Dass die Wähler in fast ganz Europa wieder nationalistische Politiker und Politiken stärken, liegt nämlich in erster, zweiter und dritter Linie am weitgehenden Versagen jener Politiker, Politiken und übernationalen politischen Gebilde, die uns als dem engstirnigen, provinziellen und gestrigen Konzept der Nation in jeder Hinsicht überlegen angedreht worden sind.
Hätte das wirklich funktioniert, kaum jemand weinte dem Nationalstaat heute eine Träne nach. Hat es aber nicht – und das gebiert neuen Nationalismus, nicht die Doofheit der Regierten.

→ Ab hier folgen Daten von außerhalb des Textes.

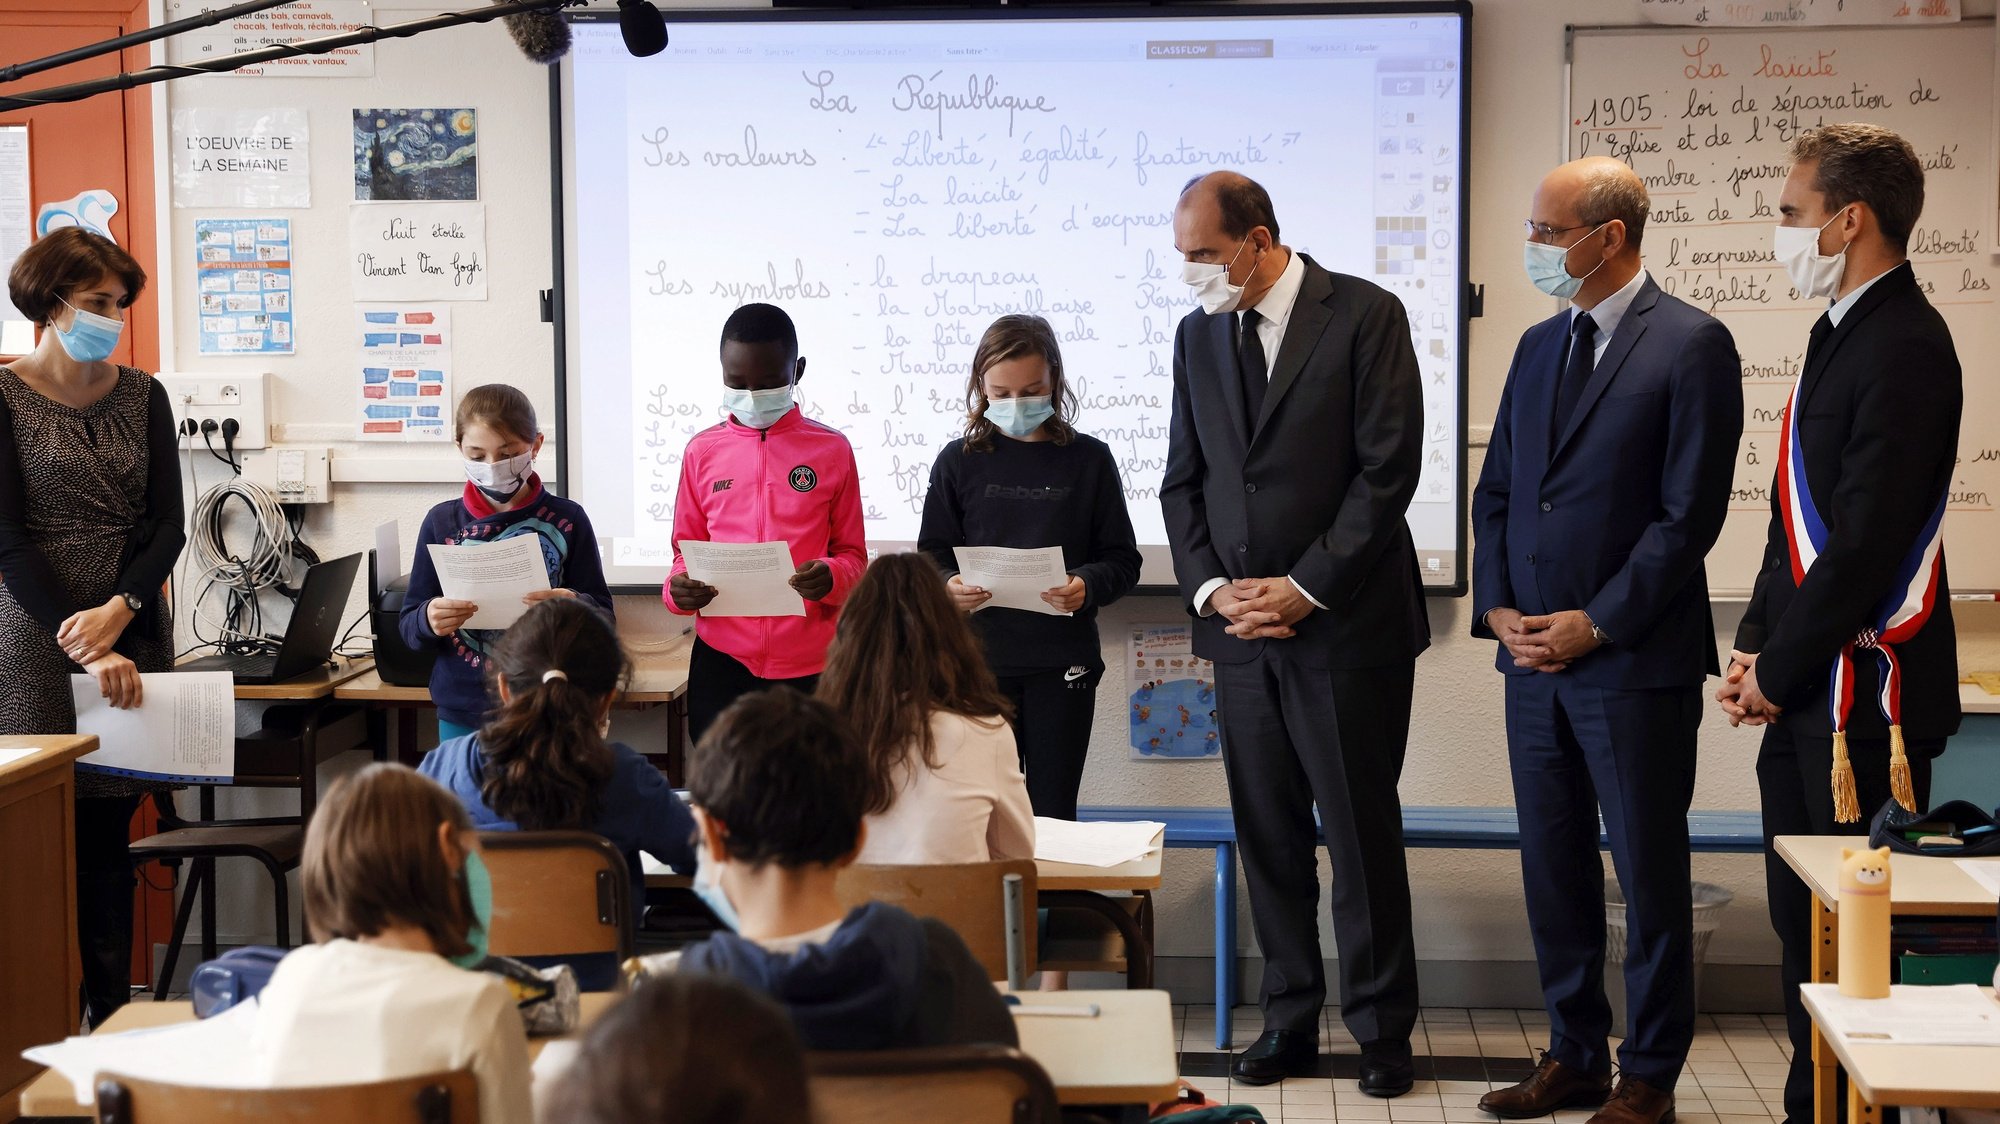 epa08792608 French Prime Minister Jean Castex (C) and French Education, Youth and Sports Minister Jean-Michel Blanquer (2-R) attend a homage to slained French history teacher Samuel Paty, at a school in Conflans-Sainte-Honorine, France, 02 November 2020. Schoolchildren across France were to observe a minute of silence at 11:00 am, as students returned to classes after the autumn break, to remember Samuel Paty, who was killed in Conflans-Sainte-Honorine, outside Paris, on October 16 just as the holiday began. Paty had shown his class a cartoon of the prophet Mohammed for a lesson on freedom of expression, spurring an online campaign targeting him.  EPA/THOMAS COEX / POOL MAXPPP OUT

Am besten sieht man dieses Phänomen natürlich in der alles beherrschenden Völkerwanderung der Jahre 2015 ff. und ihren Folgen.
Wenn bis heute die (theoretisch) transnational organisierte Kontrolle des Zuzugs von Illegalen durch das Schengen-Abkommen noch immer nicht effizient funktioniert, wer kann es dann Deutschen, Österreichern oder Dänen verargen, dass sie sich ersatzhalber eben Kontrollen durch die Nationen an deren Grenzen wünschen? Das ist nicht „dumpfer Nationalismus“, sondern pragmatische Vernunft und ein legitimes Bedürfnis der Bevölkerung.
Politik, die den vermeintlich oder auch tatsächlich grassierenden neuen Nationalismus bekämpfen will, hat dazu nur eine einzige gute Option: das, was sie sich an die Stelle der nationalen Politik wünscht, so zum Funktionieren zu bringen, dass sich niemand mehr nach dem nationalen Weg zurücksehnt. Politische Publikumsbeschimpfungen hingegen werden da eher weniger hilfreich sein.